Four-step phase-shifting (least-squares) algorithm has been widely used in structured light-based profilometry. It projects four grey scale images with sinusoidal fringe patterns onto the object. The difference of initial phases between two adjacent images is 90 degrees. The intensity of the ith image on pixel (x, y) can be expressed as

I_{i} (x, y) = I^{'} + I^{″} \sin [ϕ (x, y) + \frac{π}{2} (i - 1)], i = 1, 2, \dots, 4,

where I′ is the average intensity of the image, I″ is the amplitude modulation, and ϕ(x, y) is the phase value of the pixel. The phase value can be calculated by

ϕ (x, y) = \frac{2 π N x}{W},

where W is the width of the projected image and N is the number of fringes.
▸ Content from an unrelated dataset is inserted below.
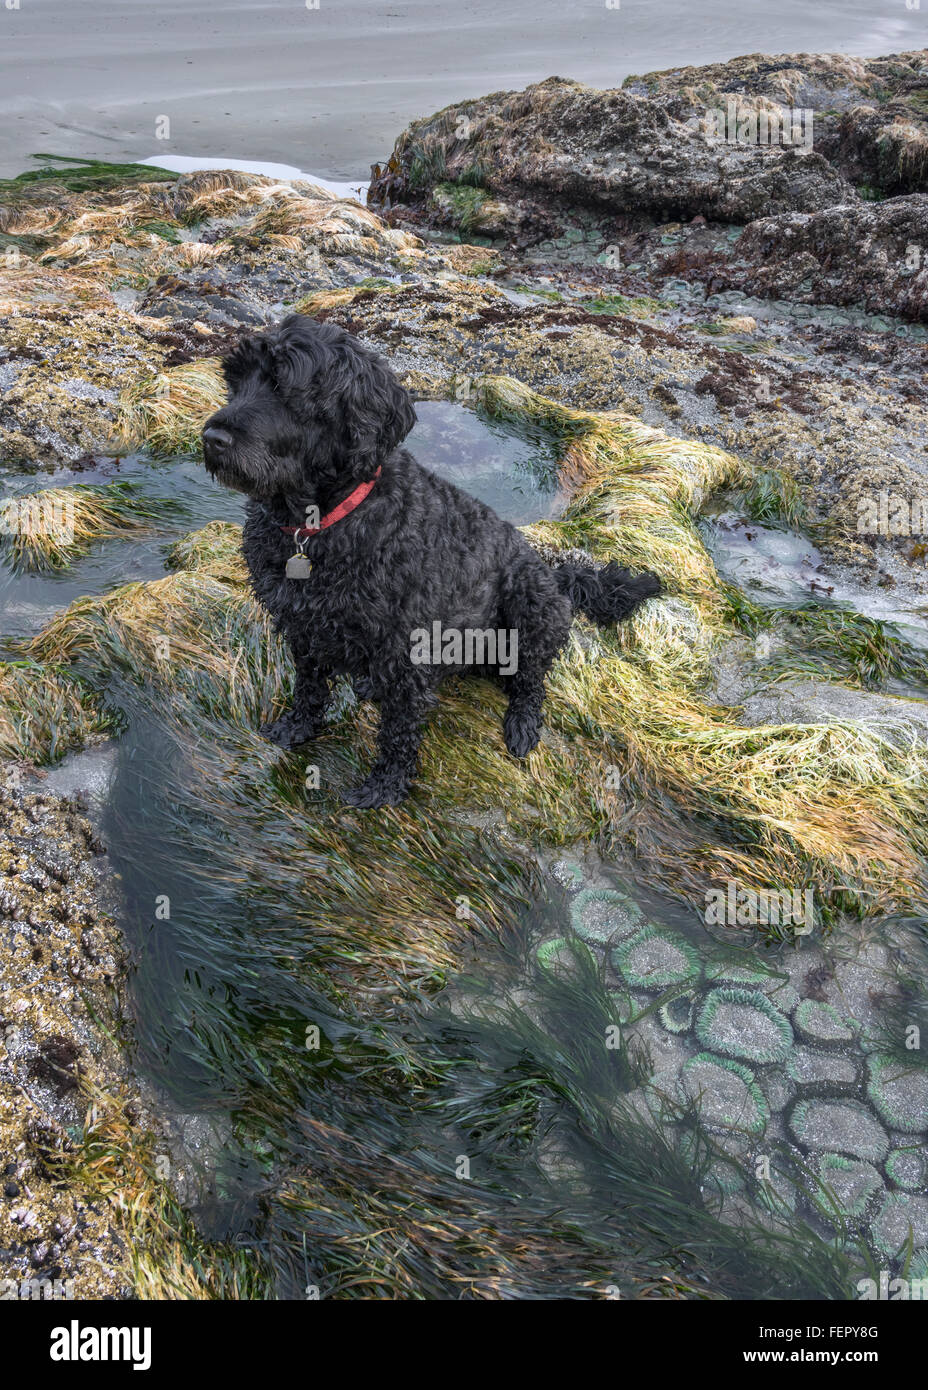 Portuguese Water Dog with sea life, Chesterman Beach, Tofino, British Columbia Stock Photo

When these pattern images are projected onto one object, they will be modulated by the surface of the object. The reflection images captured by the camera have similar patterns with the projected ones. In the most elementary case that the camera and the projector have collimated illumination, the intensity of the ith reflection image on pixel (u, v) is

R_{i} (u, v) = R^{'} + R^{″} \sin [u_{0} u + u_{0} \tan (θ_{0}) O (u, v) + \frac{π}{2} (i - 1)], i = 1, 2, \dots, 4,

where R′ is the average intensity of the reflection image, R″ is the amplitude modulation, u₀ is the spatial frequency of the fringes at the camera plane in radians/pixels, θ₀ is the angle between the camera and the projector, and O (u, v) is the physical object height. The term u₀u represents the standard carrier frequency component and u₀tan(θ₀)O (u, v) represents phase modulation caused by object surface. Denotes the phase value of pixel (u, v) in camera plane as

φ (u, v) = u_{0} u + u_{0} \tan (θ_{0}) O (u, v) .

Then we can get the following general expression

R_{i} (u, v) = R^{'} + R^{″} \sin [φ (u, v) + \frac{π}{2} (i - 1)], i = 1, 2, \dots, 4 .
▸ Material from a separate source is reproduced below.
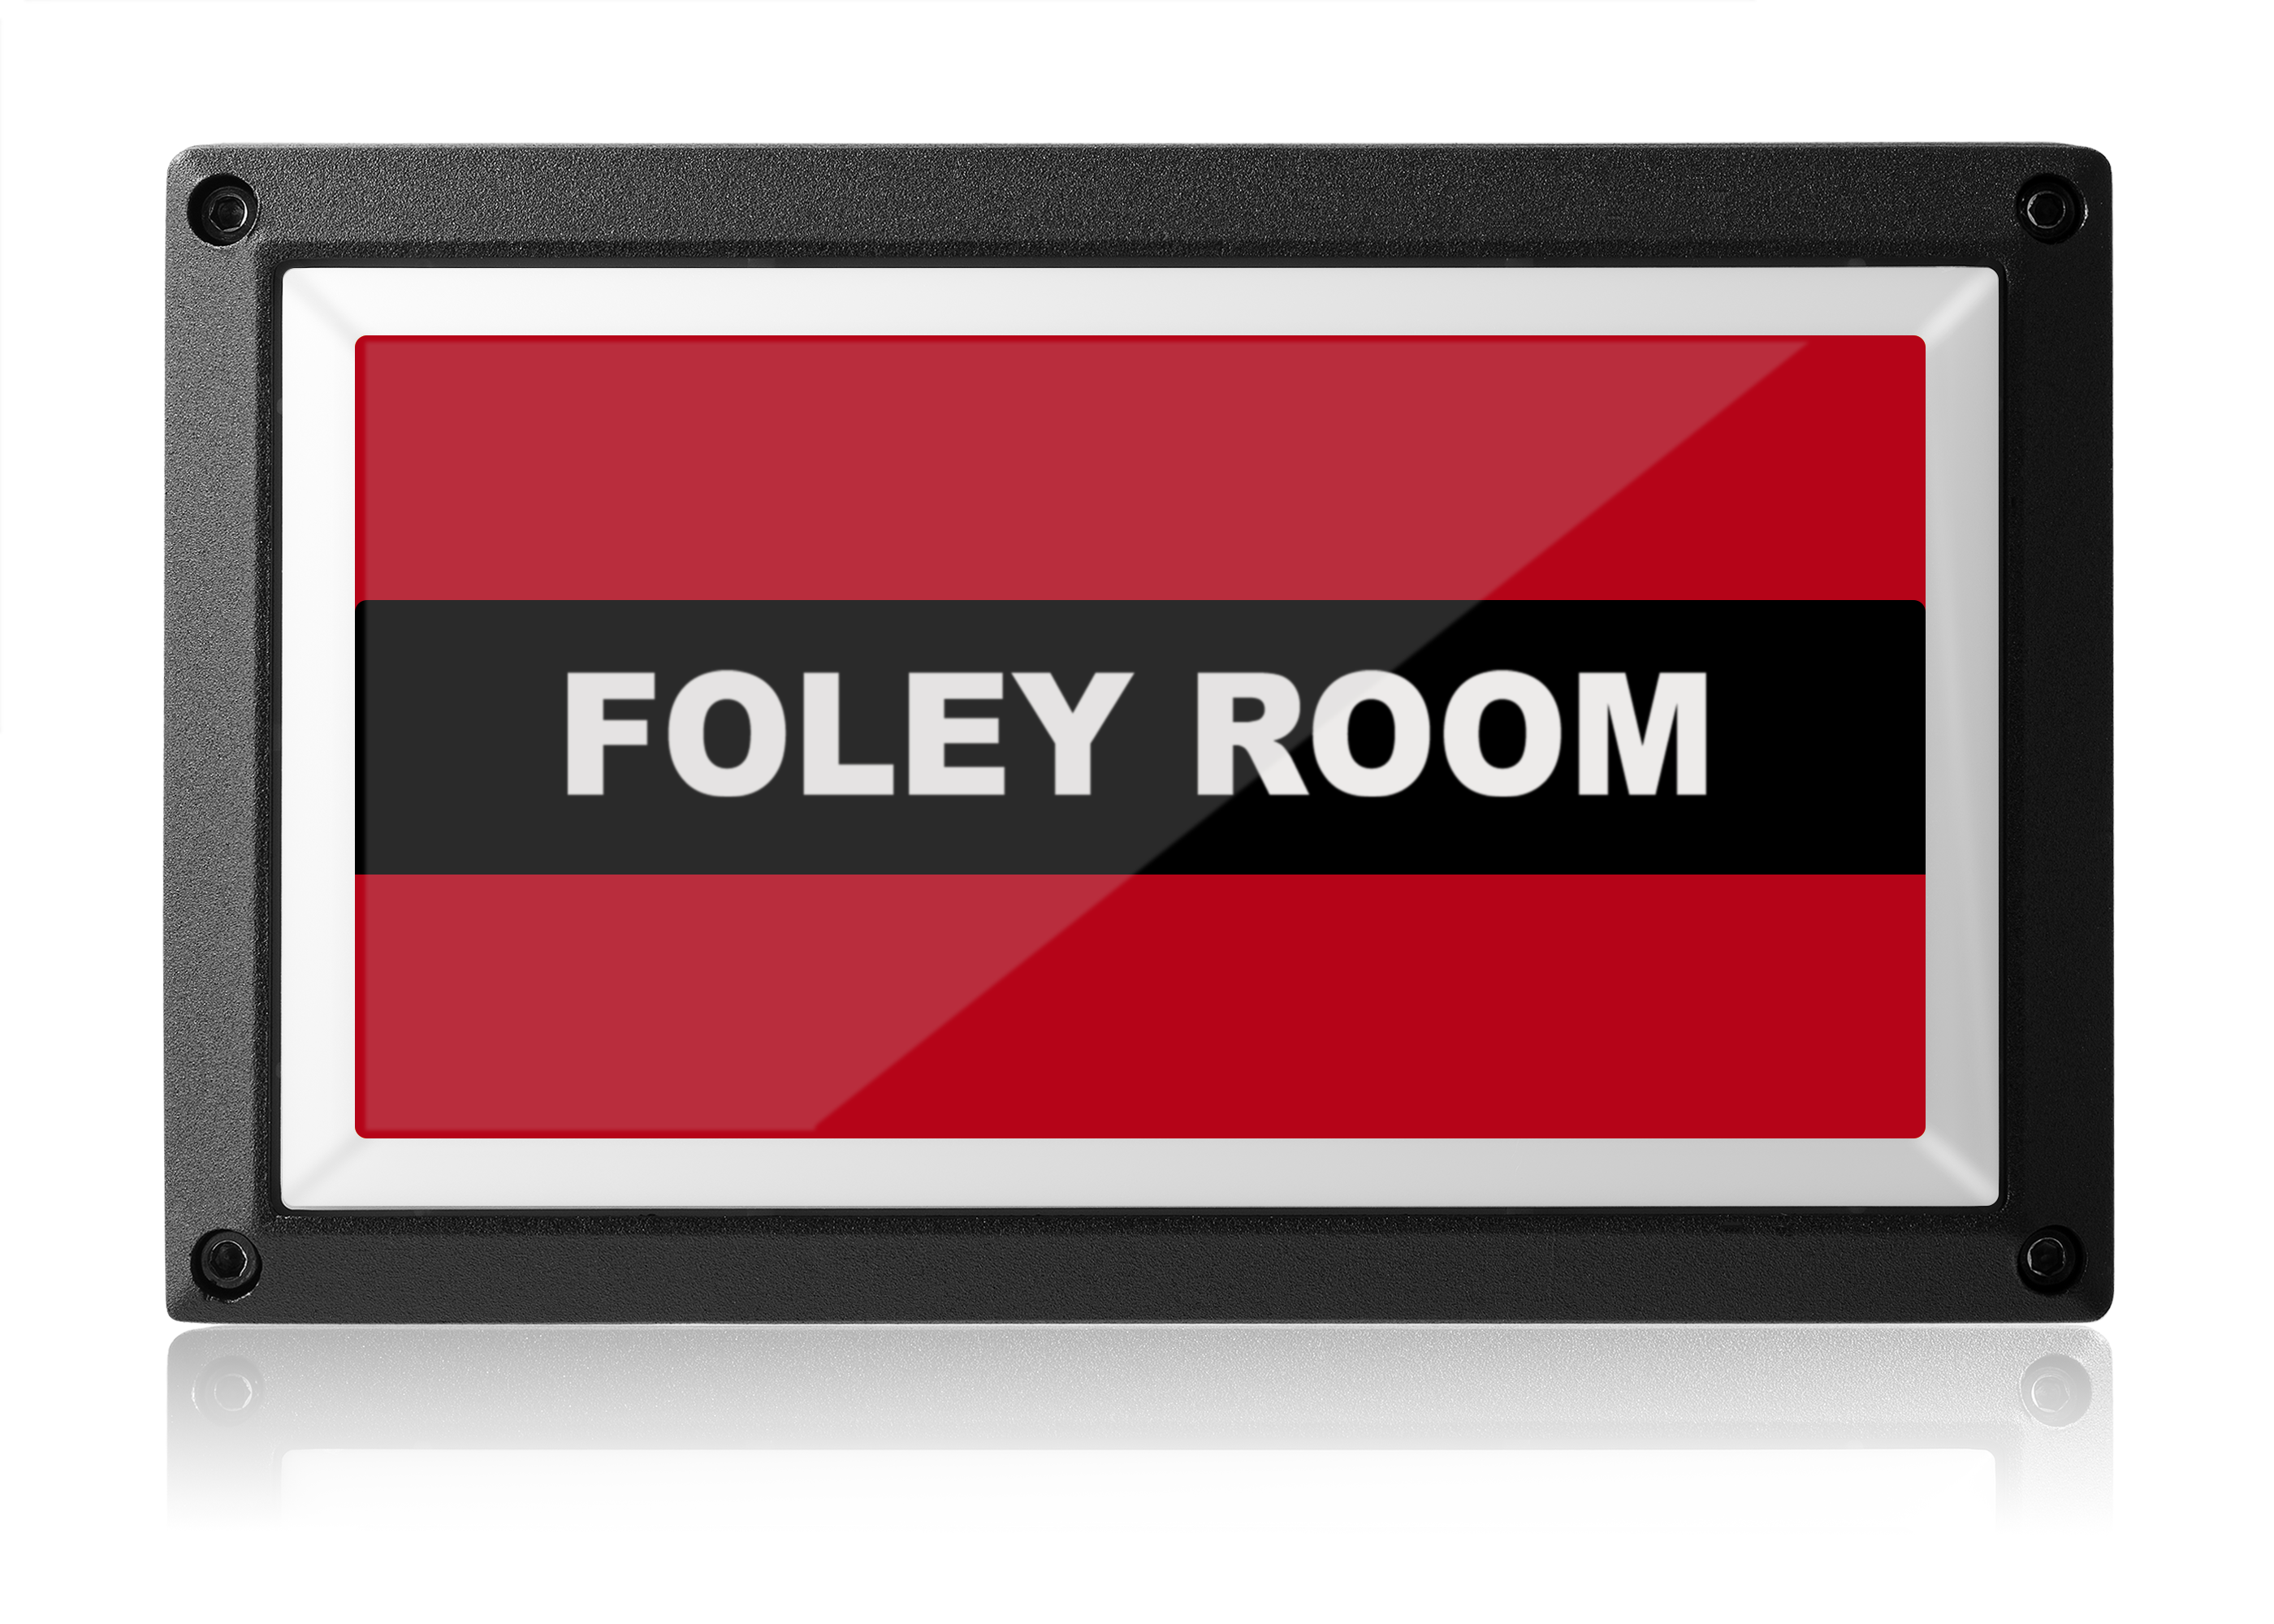 Foley Room Light - Red ISO - Rekall Dynamics LED Sign-Red-Low Voltage (12-24v DC)-

When the camera and the projector have divergent optical systems, the model in Eq. (3) can be found in [31]. In our implementation, projectors are regarded as reverse cameras. Then the developed binocular stereo vision technology can be used to calculate 3D point coordinates. Therefore the key problem turns to be matching pixels in camera and projector planes. The following equation can be easily deduced from Eq. (5).

φ (u, v) = \arctan (\frac{R_{4} (u, v) - R_{2} (u, v)}{R_{1} (u, v) - R_{3} (u, v)}) .

Note that the phase value calculated according to Eq. (6) is wrapped in the range of [0, 2π). Because there are N periods in each projected pattern image, φ(u, v) should be unwrapped to establish a one-to-one mapping between pixels in camera and projector planes. In our implementation, each projected phase shifting image has N = 64 fringes. Therefore six binary images with Gray-code patterns are needed to unwrap the phase value φ(x, y). Assume the value of Gray-code on pixel (u, v) is B(u, v), then the absolute phase on this pixel can be calculated as

Φ (u, v) = φ (u, v) + 2 π B (u, v) .

The phase is in the range of [0, 2Nπ) and only one period exists now. Finally the x coordinate of pixel (x, y) in the projector plane corresponding to pixel (u, v) in the camera plane is

x = \frac{W Φ (u, v)}{2 N π} .

The process of absolute phase calculation is illustrated in Fig. 3.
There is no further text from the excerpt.